Output the data below exactly as it is, dropping the pictures from your copy.
---- Data
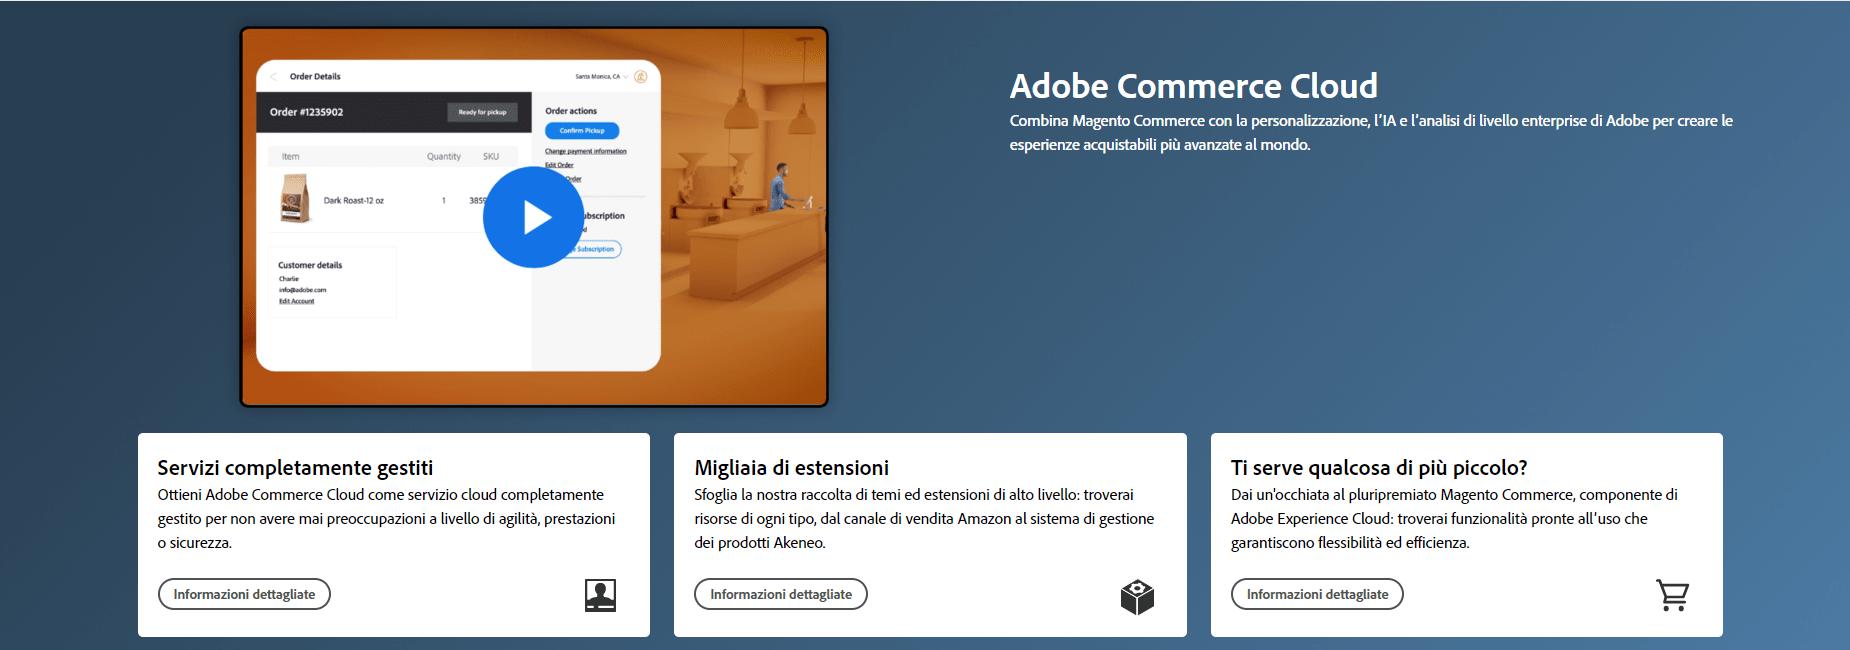 Screenshot pagina Adobe Commerce Cloud con presentazione Video
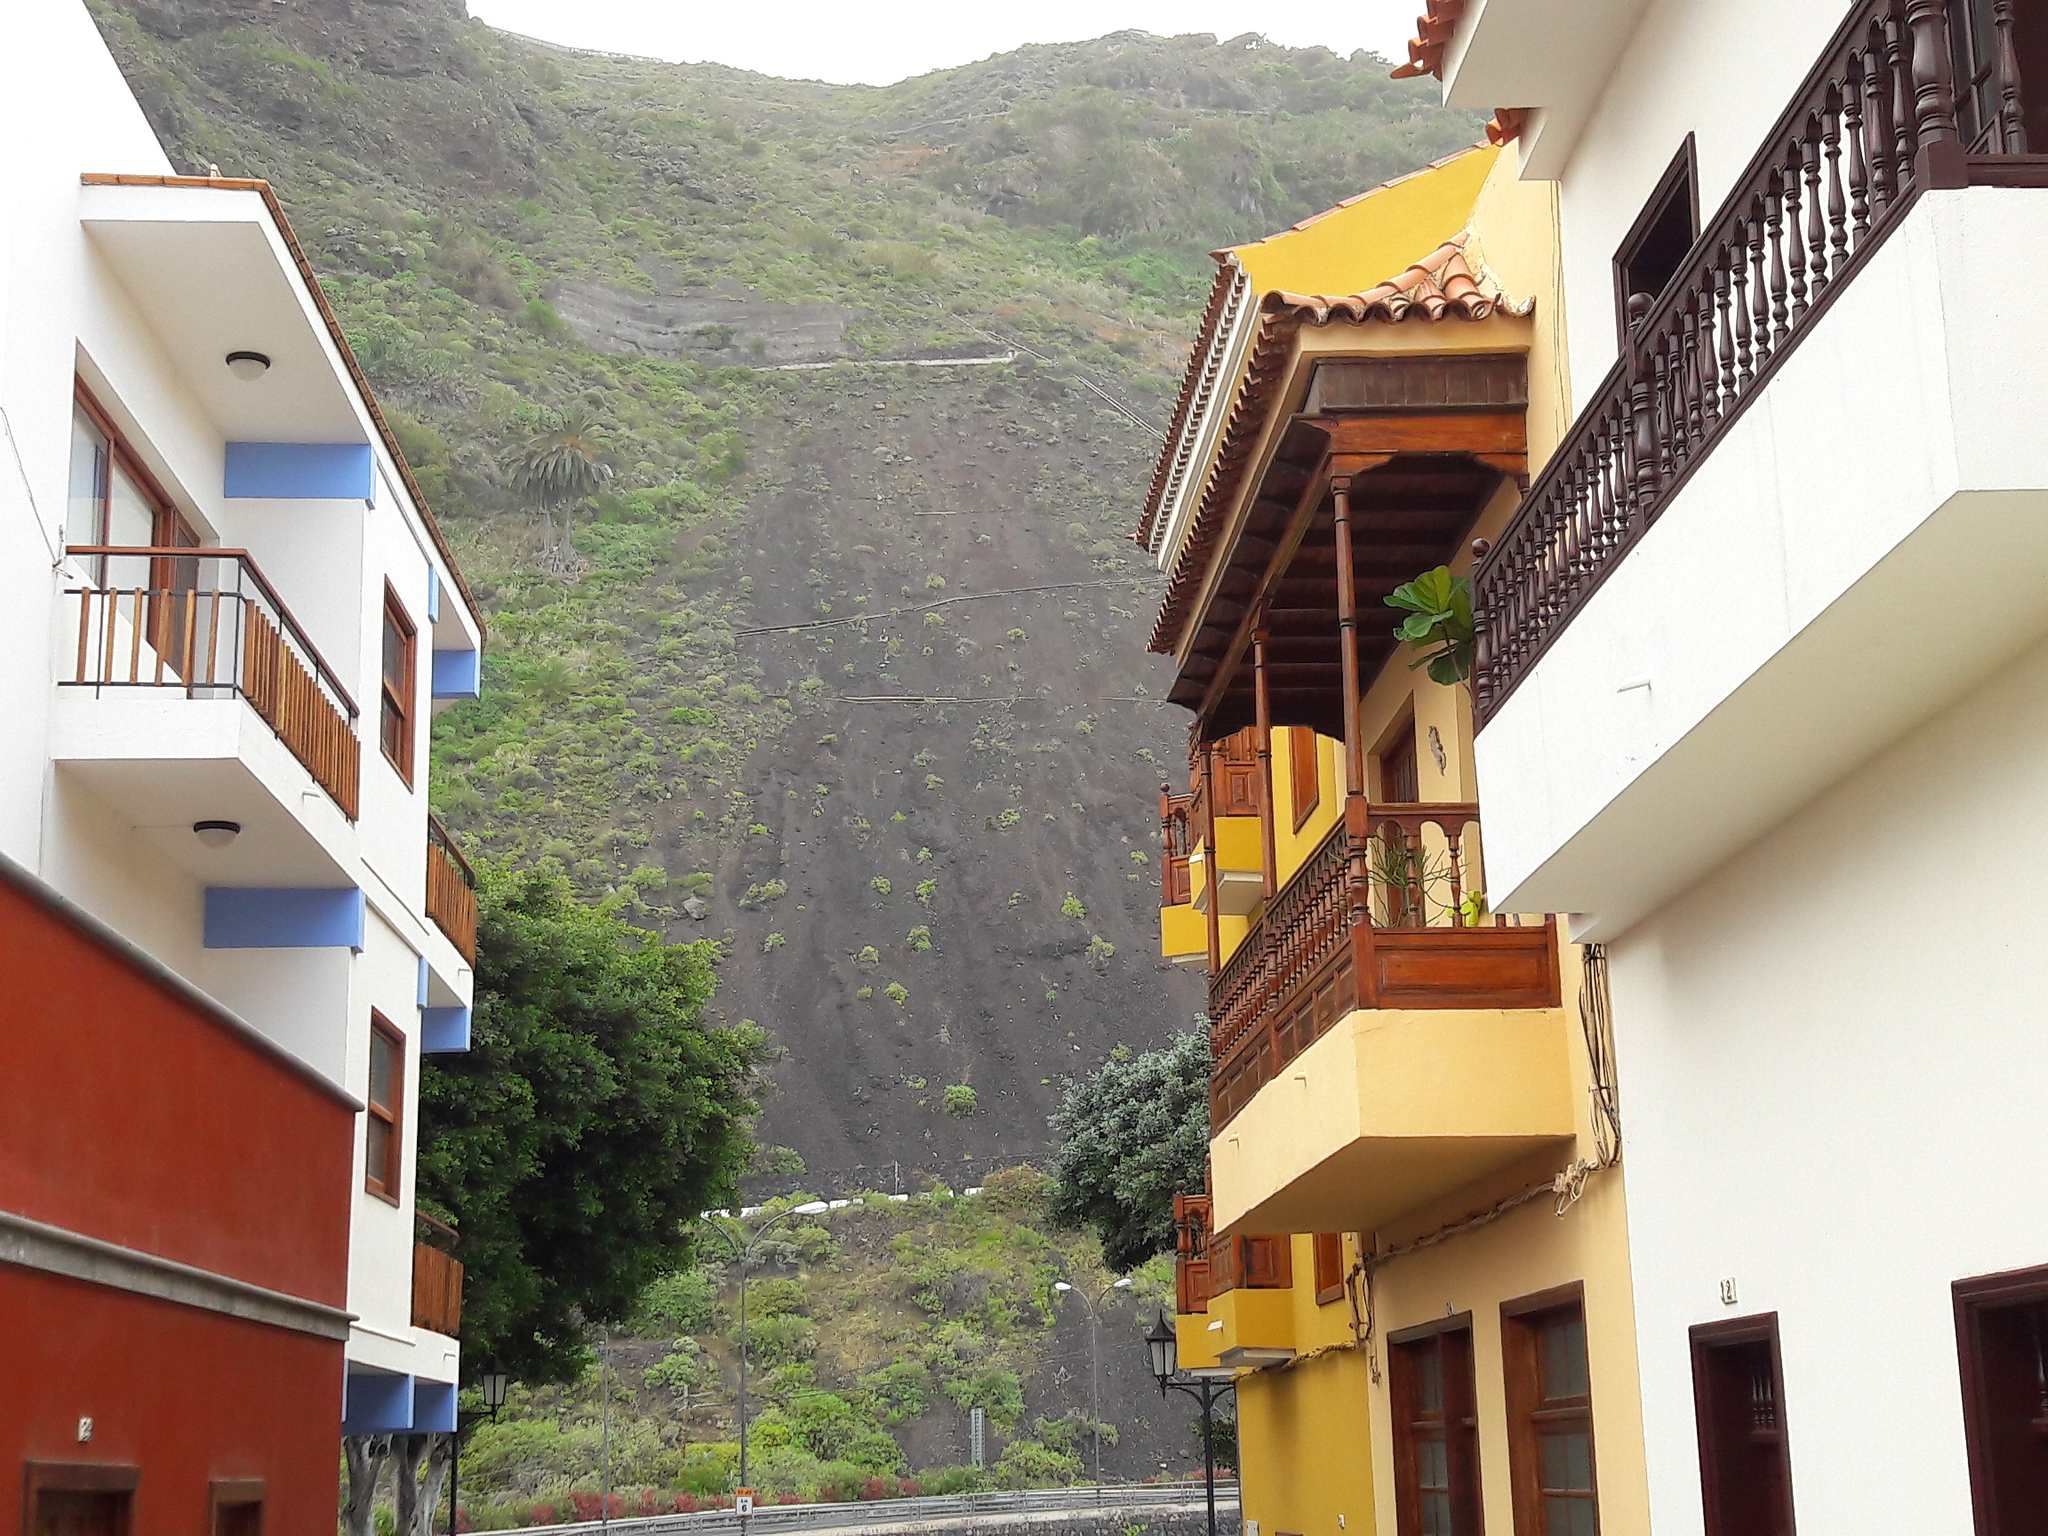 garachico
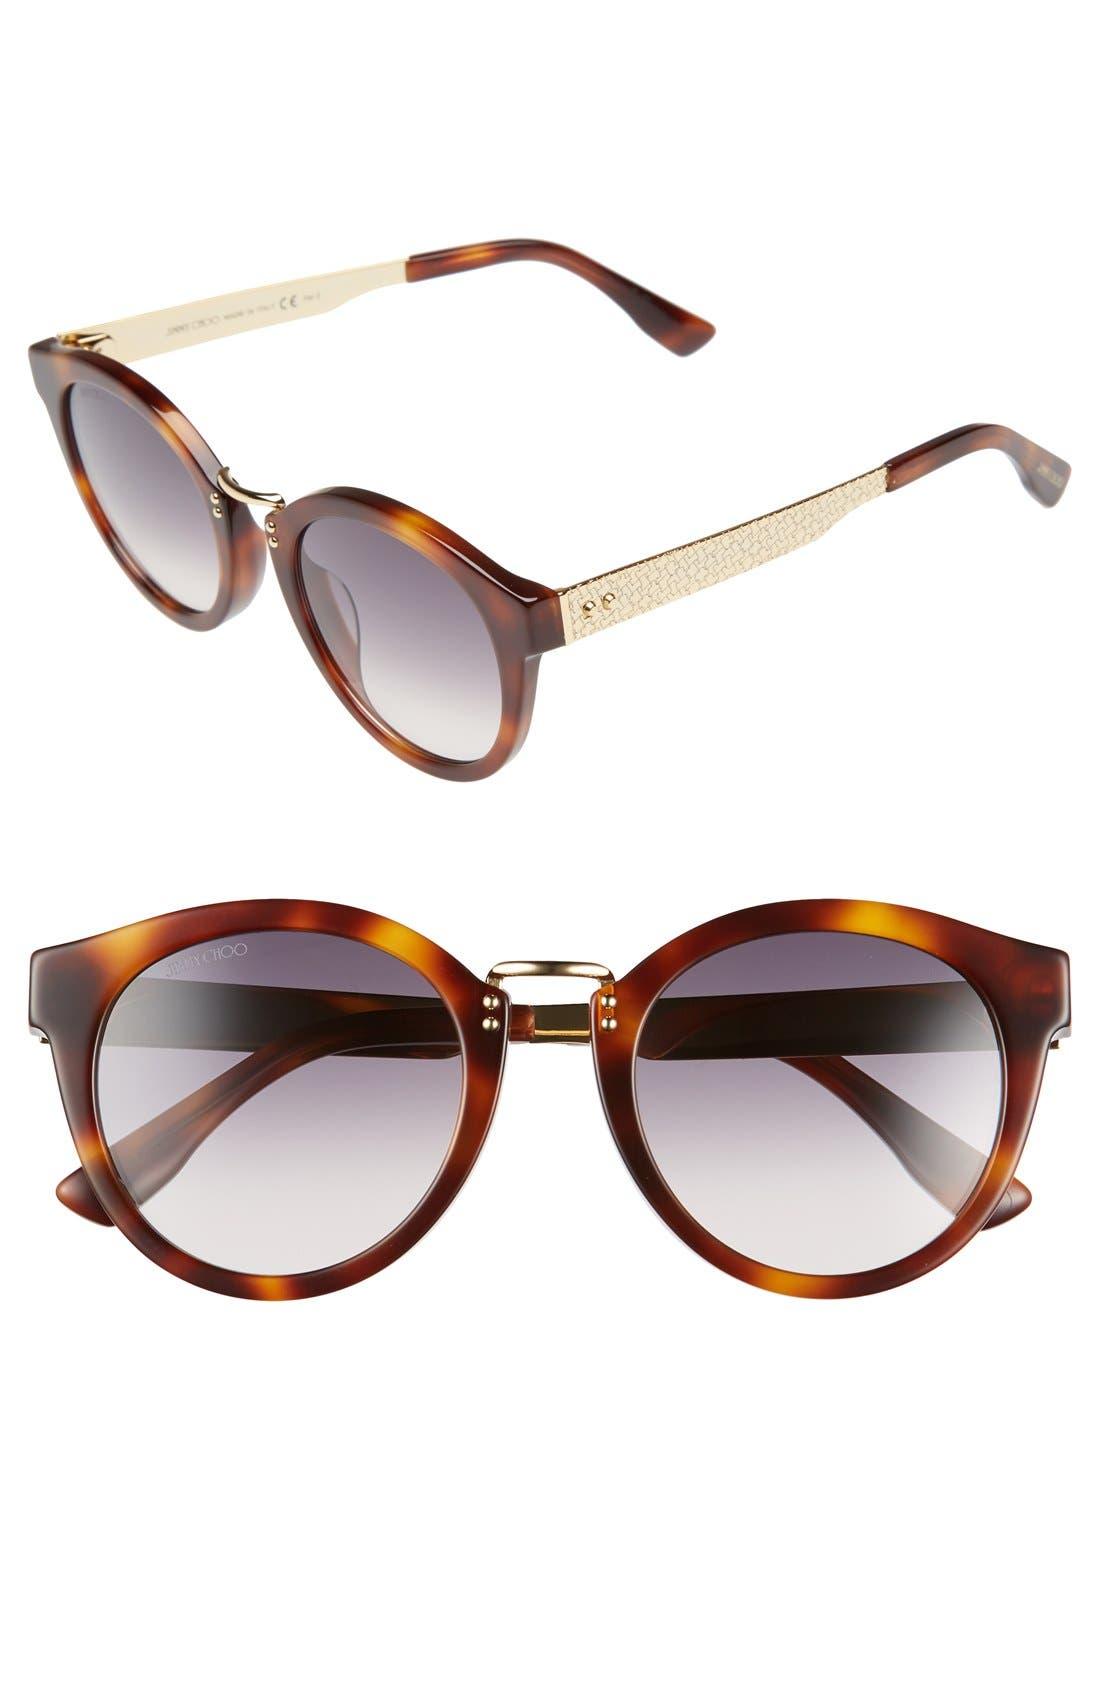 Jimmy Choo 'Pepys' 50mm Retro Sunglasses
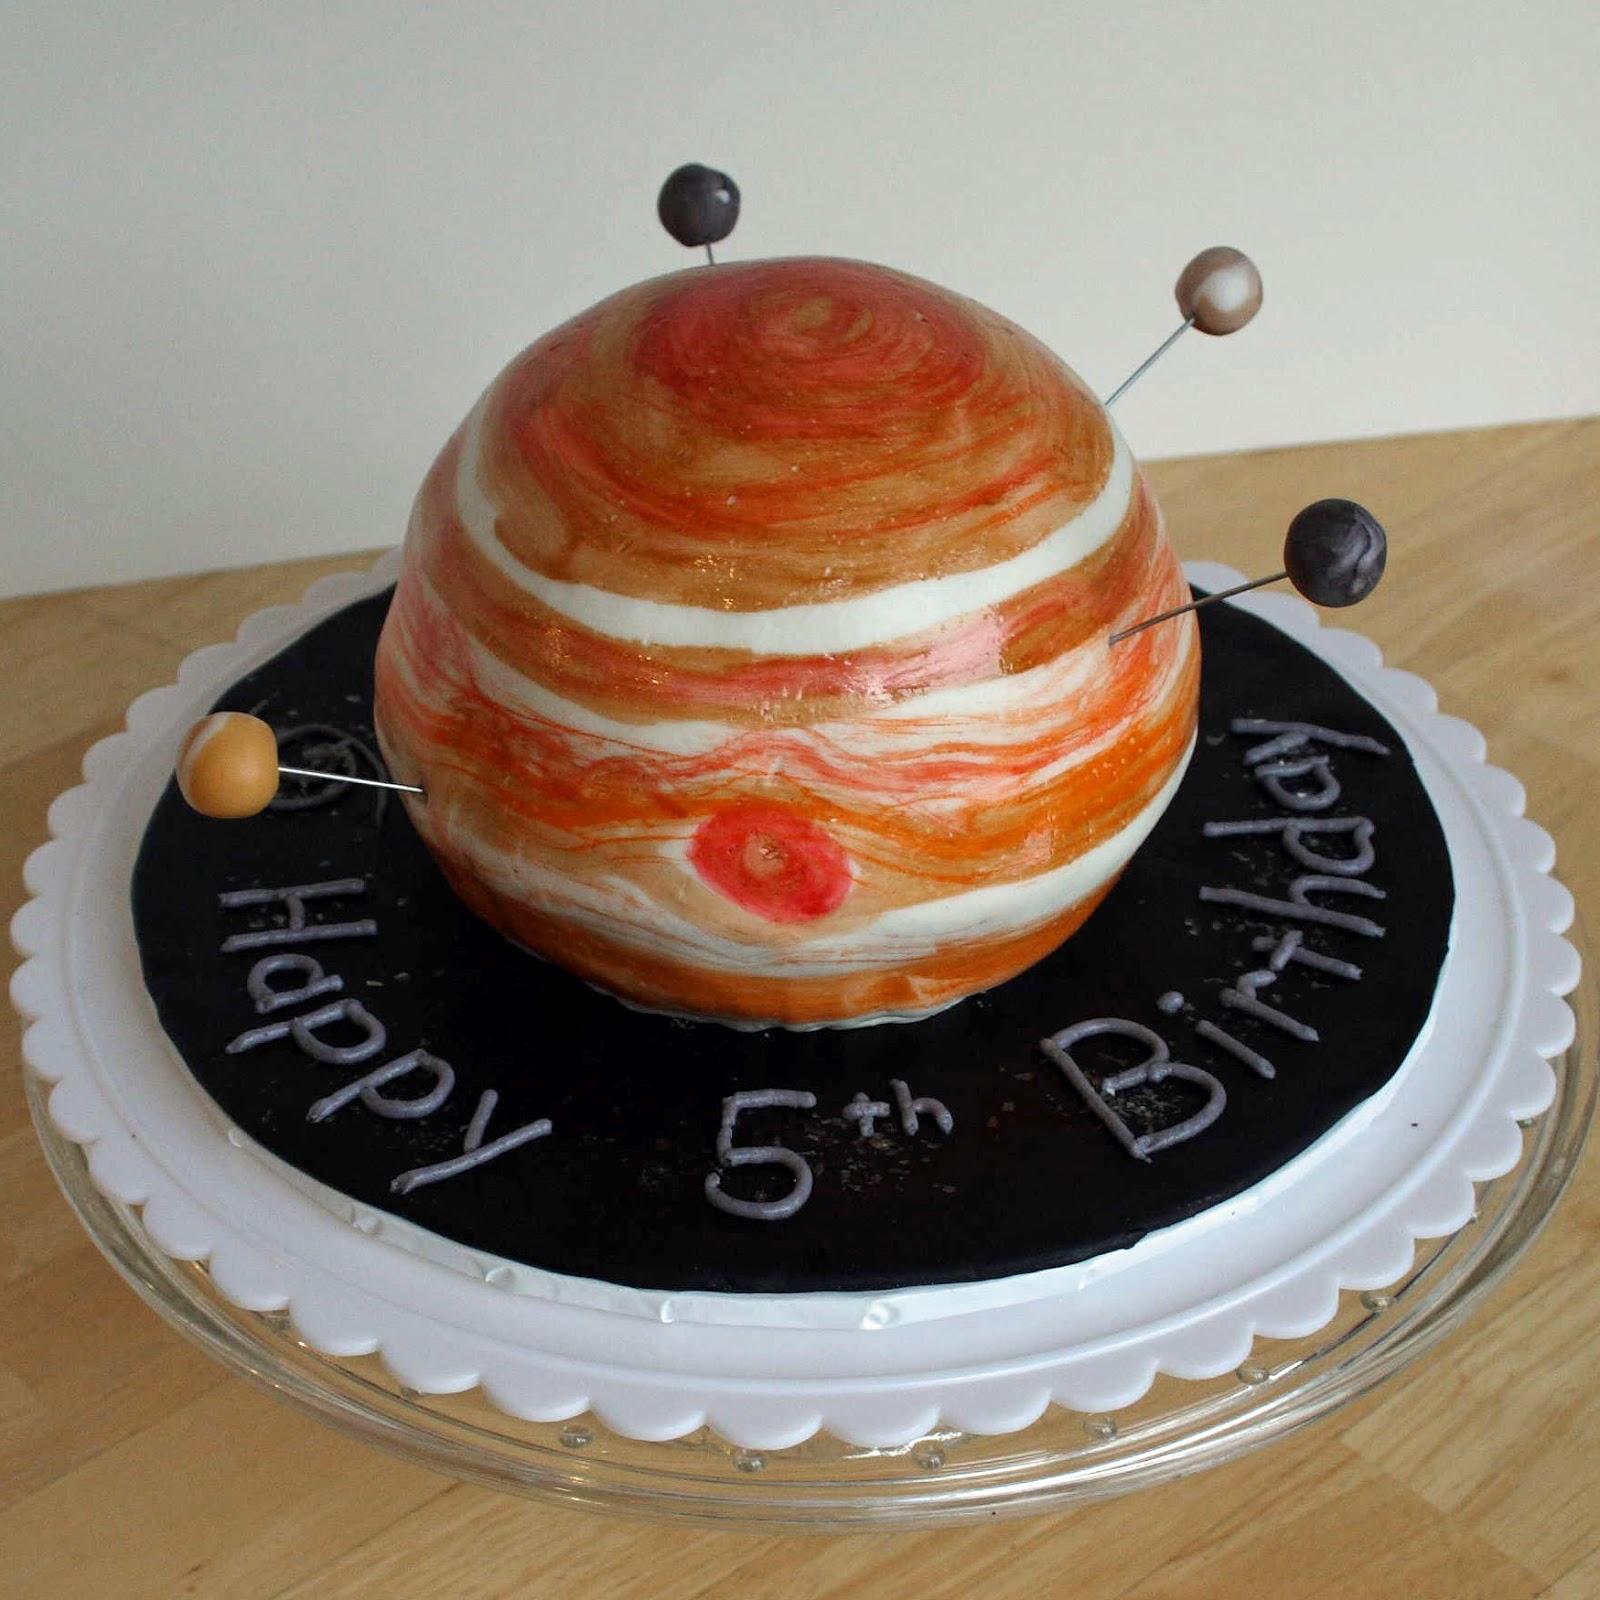 planet jupiter cake - photo #24
--------
Your response |
 Screenshot pagina Adobe Commerce Cloud con presentazione Video
 garachico
 Jimmy Choo 'Pepys' 50mm Retro Sunglasses
 planet jupiter cake - photo #24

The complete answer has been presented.